Will: Hey! There's still a lot of salad here. No one's touched it.

TeenHollywood: Maybe later. Now, this is R-rated. Did you just not want to go for PG-13?

John: We wanted to be able to make swears. It wasn't like we were deliberately trying to be R-rated. We just didn't want to have constraints. We know how creative it gets when you start improvising and coming up with ideas. We just wanted to feel like it could be anything we wanted it to be.

TeenHollywood: The guys in the film are surrounded by a lot of their childhood toys. Do you have anything from childhood that you couldn't part with?

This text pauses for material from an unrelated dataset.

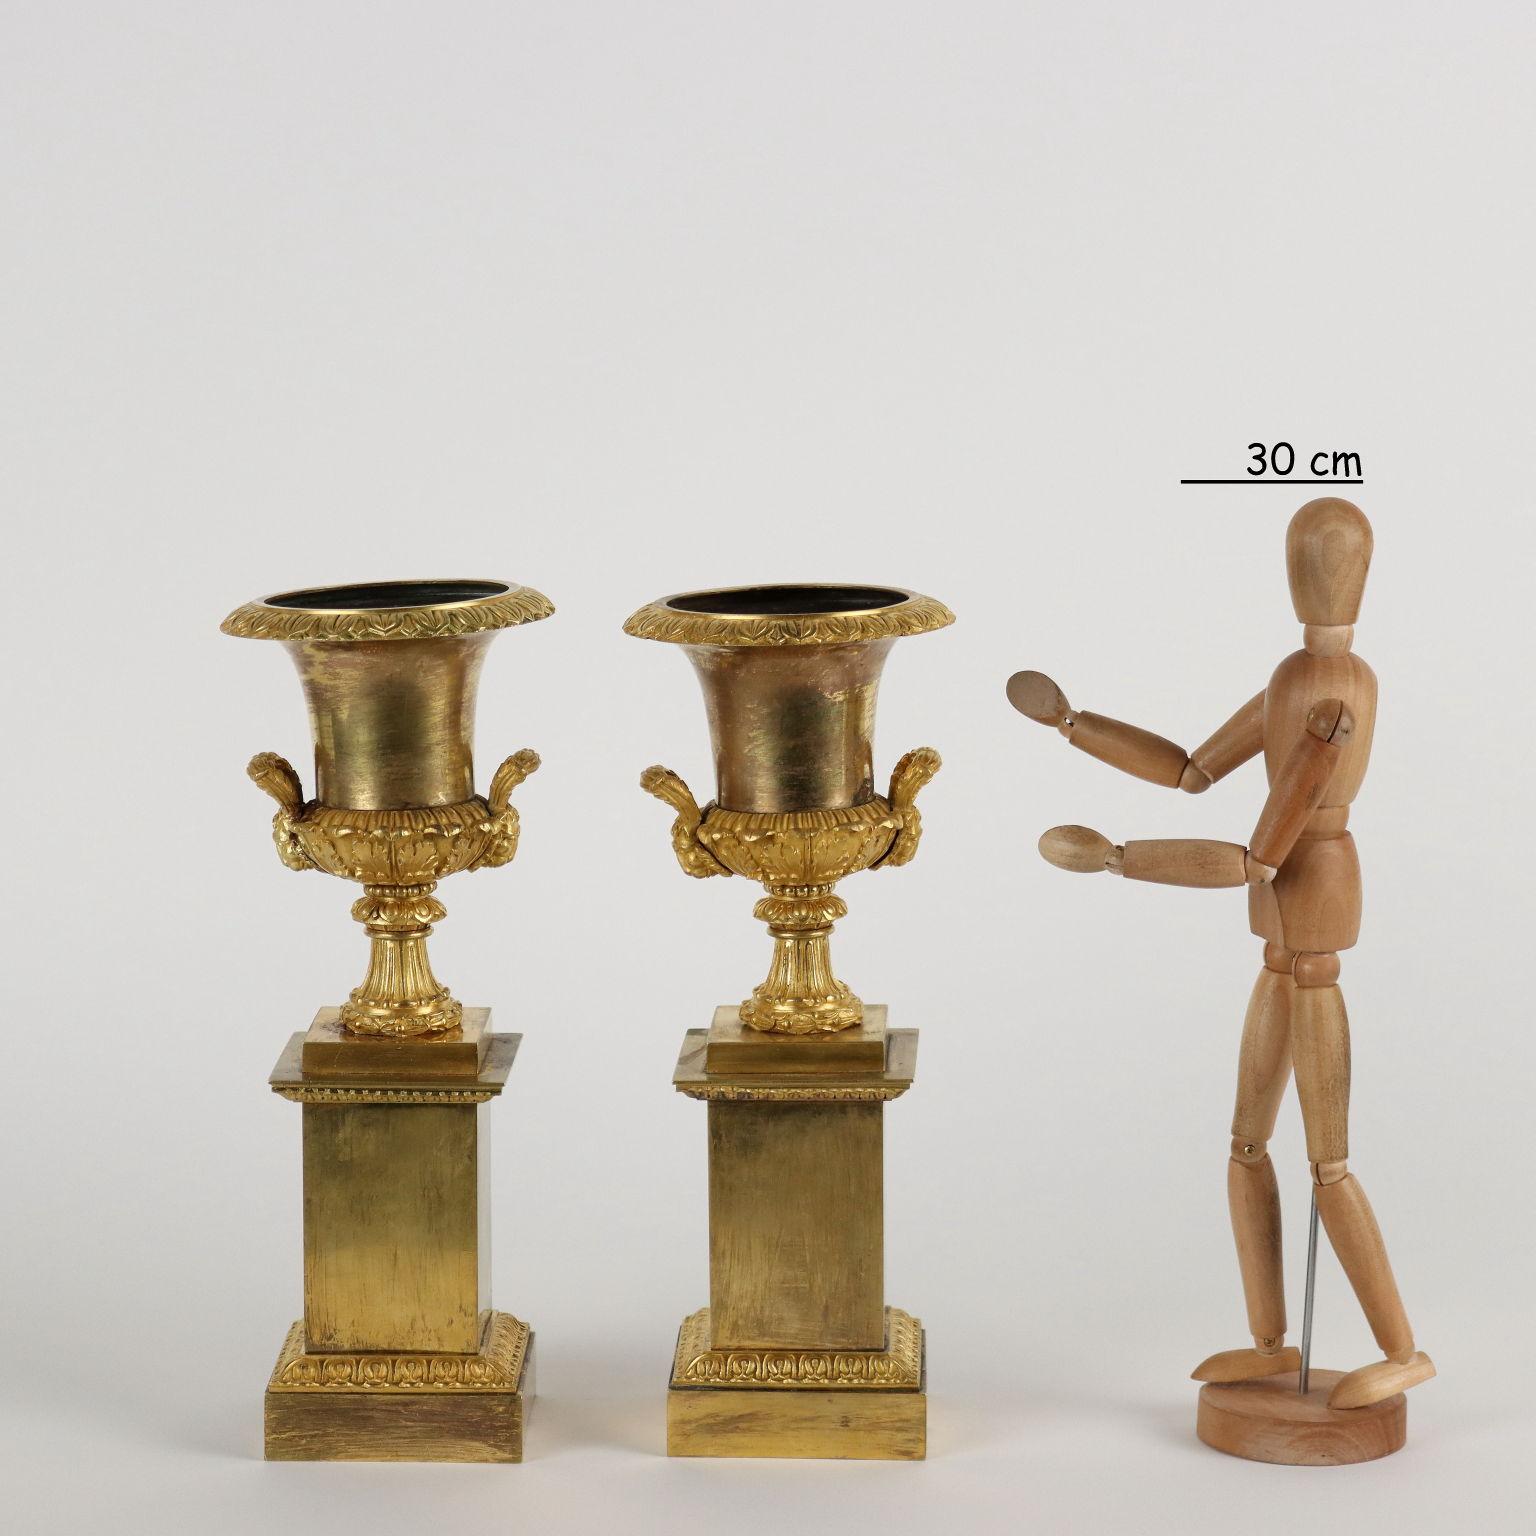 Pair of Medici vases in gilded and chiseled bronze with plinth base decorated with vegetable and Greek motifs. The two vases have two terminal handles with lion heads.

Will: [to John] Don't you have a petrified bowl of macaroni-and-cheese?

John: Uh-huh.

TeenHollywood: Okay, no straight answers from you two. Can you talk about the retro tee-shirts you wear in the movie?

John: We looked at a lot of them. You want to do retro-seeming t-shirts, like these are the t-shirts they've been wearing since that time. But the fashion now is to have old-looking t-shirts and we didn't want it to look hipster-ish. So [the costume designer] ended up custom-making a lot of stuff. So those pajama bottoms for Will were made out of Star Wars sheets.

TeenHollywood: There is one scene where some little kids just gang up and beat you up. What was that like?

Will: Humiliating.

John: They have sharp little nails! They're heavier than they look.

Ferrell: They're not afraid to bite you when the cameras not rolling.

TeenHollywood: You guys also fight each other. It looks pretty rough. Did anyone get hurt?

Will: We got pretty banged up. That fight in the front yard was all done within the first two weeks of straight fighting to start the movie.

John: Getting buried alive, fighting. It was all fun.

Will: Attack dogs. It was pretty physical.

TeenHollywood: The two step-bros make this ridiculous "Boats and Hos" music video to sell products. Why go there?

Will: It's the perfect example of what they think would sell or be a good idea.

John: When we were deciding what their first video would be like it had to be something that would make their parents go 'oh God!' It was about picking something that was as inappropriate as possible.

***

Lynn Barker is a Hollywood-based entertainment journalist and produced screenwriter.